Особенно если учесть, что по документам в цистерне находилось не 300 тонн нефти, а 120. Через неделю правительство издало указ о формировании новой вертикально интегрированной компании; сеть московских бензоколонок у меня оставалась в наследство от Князя. Еще через недельку Яниев объявил о скором обмене акций НГДО и НПЗ на консолидированную акцию холдинга.
* * *
Прием по случаю этого события был устроен у меня на даче. Директор "Ячинскнефтегаза" ходил гоголем. Его не очень‑то ликвидные акции в последнюю неделю шли у московских брокеров, как горячие пирожки. От правительства было два или три гостя из Минтопэнерго да Адашкевич, который, насколько я знал, и был в этой операции у Яниева главным консультантом.
Тхаржевского среди гостей не было, а вот Даша Тхаржевская была.
Оба директора увели меня в кабинет. Уж не знаю, кто им рассказал о том, как я начинал с рисованных тачек, а только Дачинок (директор нефтедобывающей компании) развернул передо мной заграничный проспект и стал требовать установку горизонтального бурения, а Северников (директор "Раднефтеоргсинтеза") развернул другой проспект и потребовал установку для каталитического крекинга.
– Ты что, Петр Семенович, прямо здесь, что ли? Ты ее как в Сибирь повезешь?
Директора загалдели хором:
– А вы к нам съездите, Шариф Александрович! А то знаете, какие отсюда железнодорожные тарифы?
– Ну ладно, – сказал я, – буду у вас денька через три и все сделаю в ажуре.
После ухода директоров я подошел к окну и стал смотреть вниз. Праздник был в полном разгаре, столы ломились от еды, и кто‑то равнодушно глядел сквозь иллюминатор луны на первых пьяных гостей, падающих на четвереньки, и на голого директора банка, блудящего с парочкой зеленохвостых и черноглазых русалок.
Кто‑то вошел в дверь, и я увидел Адашкевича с Яниевым. В руках у замминистра был дипломат, который он и положил на стол.
– Так о чем разговор? – спросил Яниев. Адашкевич раскрыл дипломат: в нем лежали банковские упаковки с долларами.
– Это что такое? – удивился я.
– Моя доля от кредитов Тхаржевского. Из КФБ.
Я протяжно присвистнул. Чиновник бросил на меня взгляд, полный вместе стыда и ненависти.
– Сколько тут? – спросил Яниев.
– Двести тысяч.
– Вы что же, их так и хранили под подушкой?
– Дачу купил. Вчера продал.
– И сколько дач у вас осталось?
– Нисколько. Квартира в Москве. В Бутове. Двухкомнатная.
Признаться, я думал, что Яниев отдаст ему бабки. Ну что "Народному Альянсу" двести штук? Слону дробина. Но Яниев невозмутимо сгреб чемоданчик.
– Спасибо, Виктор Михайлович, – поднялся и был таков.
Адашкевич сидел, закусив губу.
– Ну, и зачем это геройство? – не сдержался я.

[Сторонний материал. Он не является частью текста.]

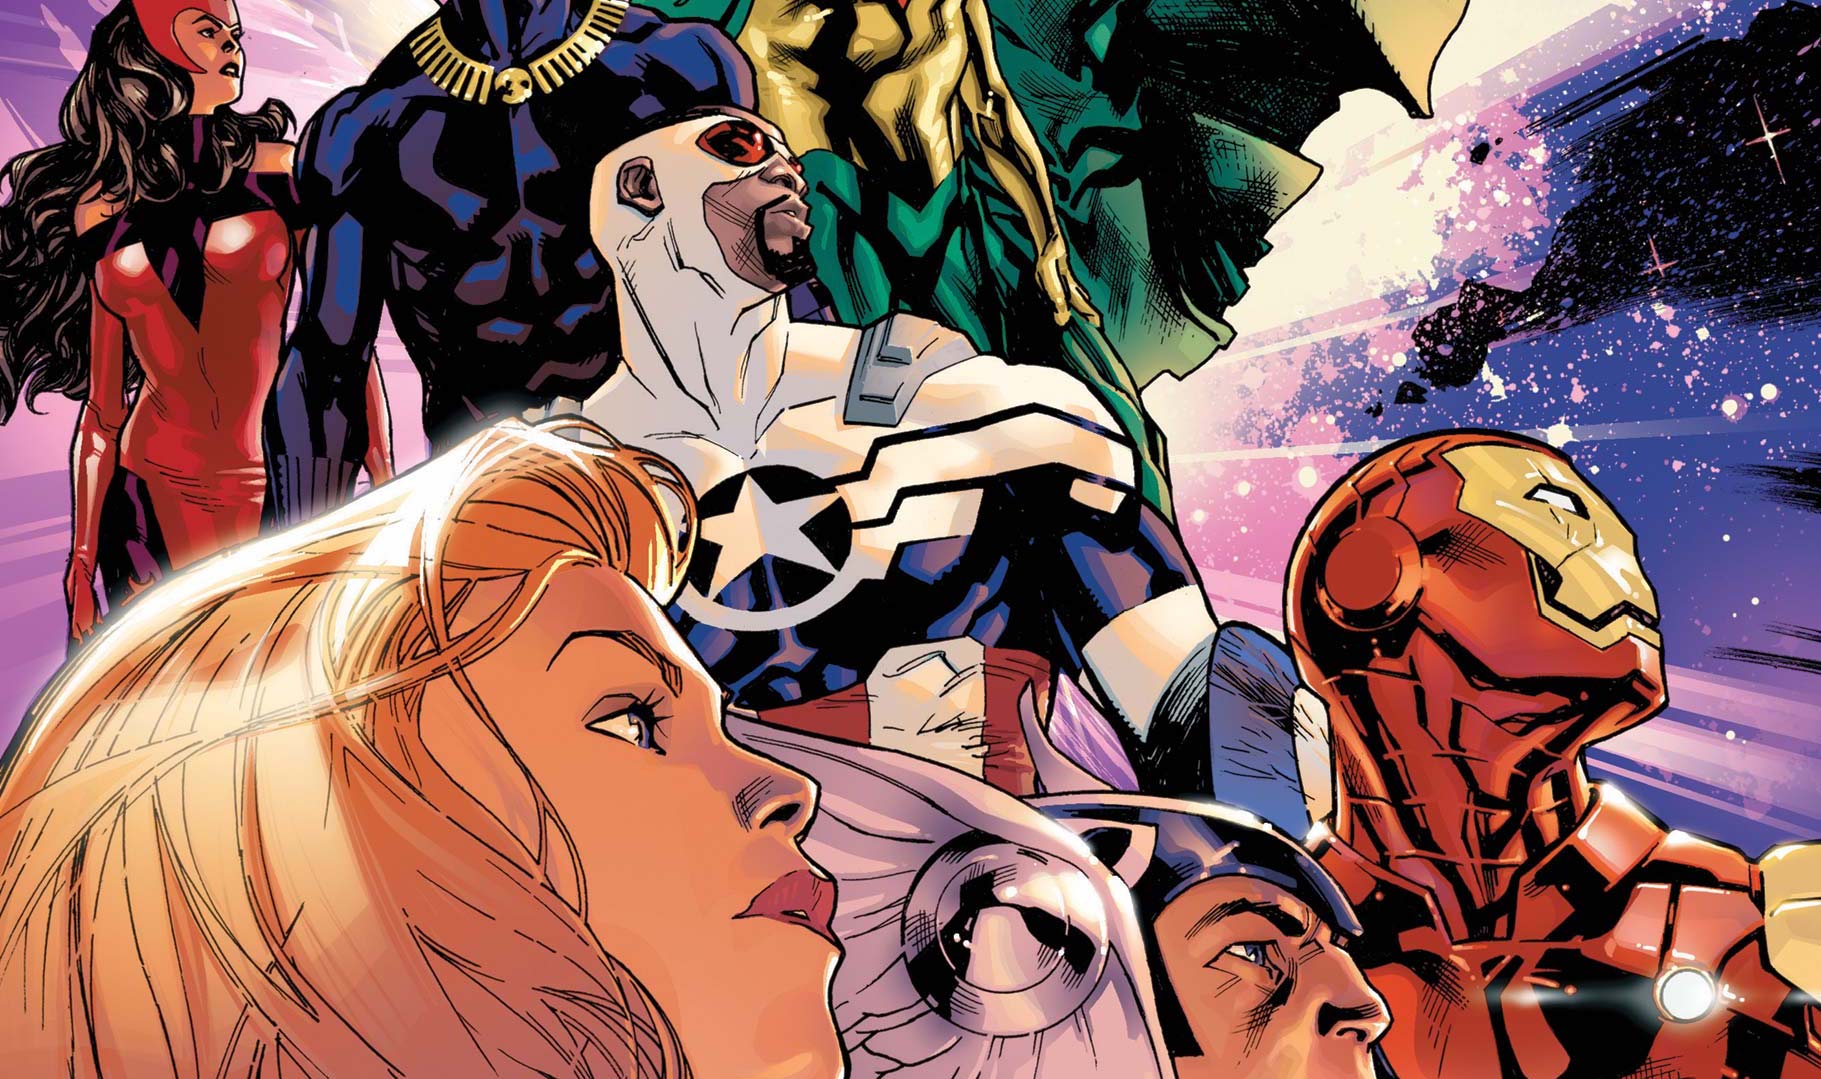 'Avengers' #1 establishes the team under Captain Marvel's leadership
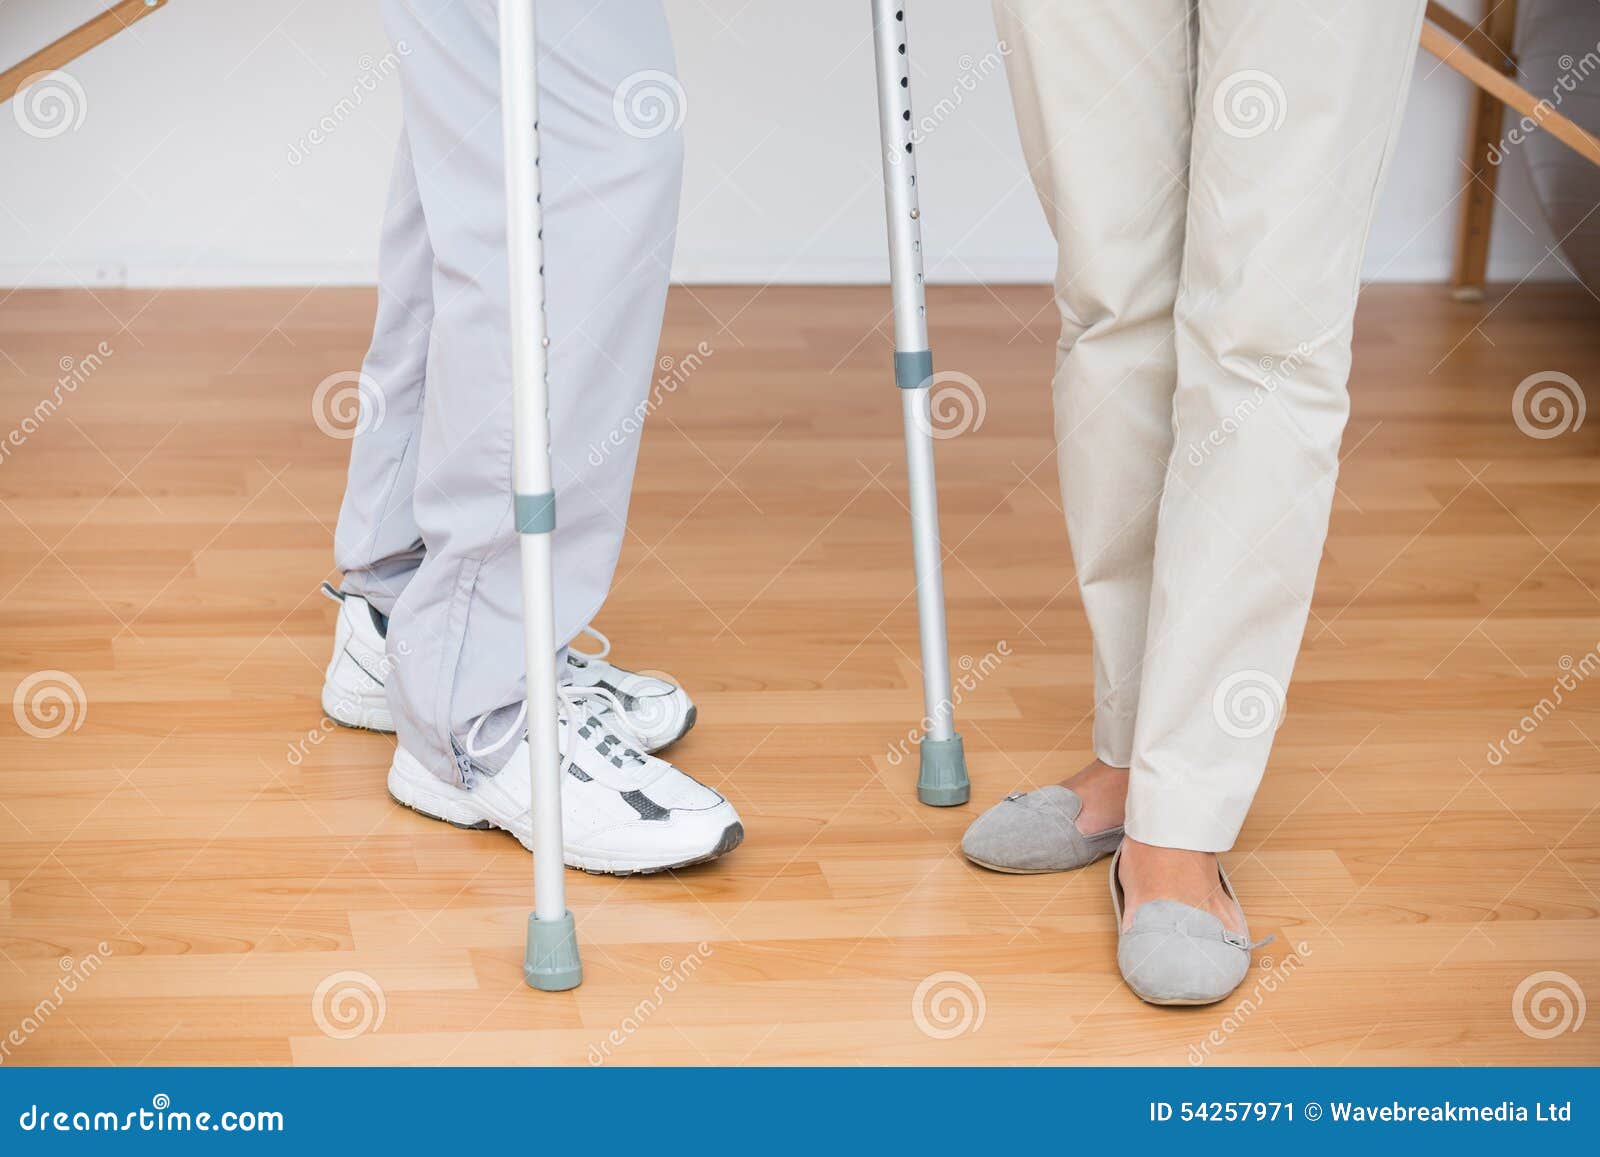 Сколько нужно ходить на костылях после эндопротезирования. Как ходить на костылях после эндопротезирования коленного сустава. Как правильно ходить на костылях с одной ногой. Какие лучше костыли после операции на колено. Bad Patient gets up Crutch.

– Вы эти деньги требовали с Тхаржевского. А он половину раздал.
– Половину? Это пол‑лимона. Здесь двести. Кто получил триста?
– Доносчиком не был и не буду, – процедил замминистра.
А он половину раздал.
– Половину? Это пол‑лимона. Здесь двести. Кто получил триста?
– Доносчиком не был и не буду, – процедил замминистра.
Я скривился.
– У тебя сколько детей, герой?
– Двое. Машка и Василиса.
– Сколько лет?
– Машка – в третьем, Васька – в шестом.
– Двухкомнатная, – пробормотал я.
Поднялся и вышел на террасу. На душе у меня было так погано, словно я вытащил у Адашкевича эти двести штук утюгом и наручниками.
Кто‑то тронул меня за плечо. Я оглянулся. Это была Даша Тхаржевская.
– Привет, – сказал я, – а где твой приятель?
– Мы поссорились, – фыркнула она, – он взял и уехал. Вот зараза! Вы не велите кому‑нибудь из водителей отвезти меня домой?
– Вам хочется домой, Даша?
Даша усмехнулась.
– Яниев – он такой пугливый. Можно подумать, это он учится в институте, а не я. Мне не хочется домой. Я там буду лежать и плакать.
– Так оставайтесь, – предложил я.
* * *
Утром я уехал в Белый дом, но к обеду вернулся на дачу. Яниев сидел с бумагами в кабинете.
– А где Даша? – осведомился я.
– Уехала, – проговорил Яниев.
Он покраснел, как рак в кипятке, а потом пробормотал:
– Понимаешь, я был немножко пьяный… А она… Ну, словом, я принял ее за Асмодея.
А на следующий день, когда я вечерком зашел к Яниеву отчитаться о проделанной работе, из охранного домика позвонили. Я выслушал и приказал:
– Конечно, пропусти.
– Кто там? – поднял голову Яниев.
– Гости.
Через пару минут в кабинет вошли трое.
– Здравствуй, Аладдин, – сказал тот, кто повыше.
– Здравствуй, Карачун.
Яниев блестел глазами из глубины кресла. Он слишком хорошо помнил условия нашего договора. Он мог приказать мне, как обращаться с вице‑премьером, но он не мог приказать мне, как обращаться с бандитом.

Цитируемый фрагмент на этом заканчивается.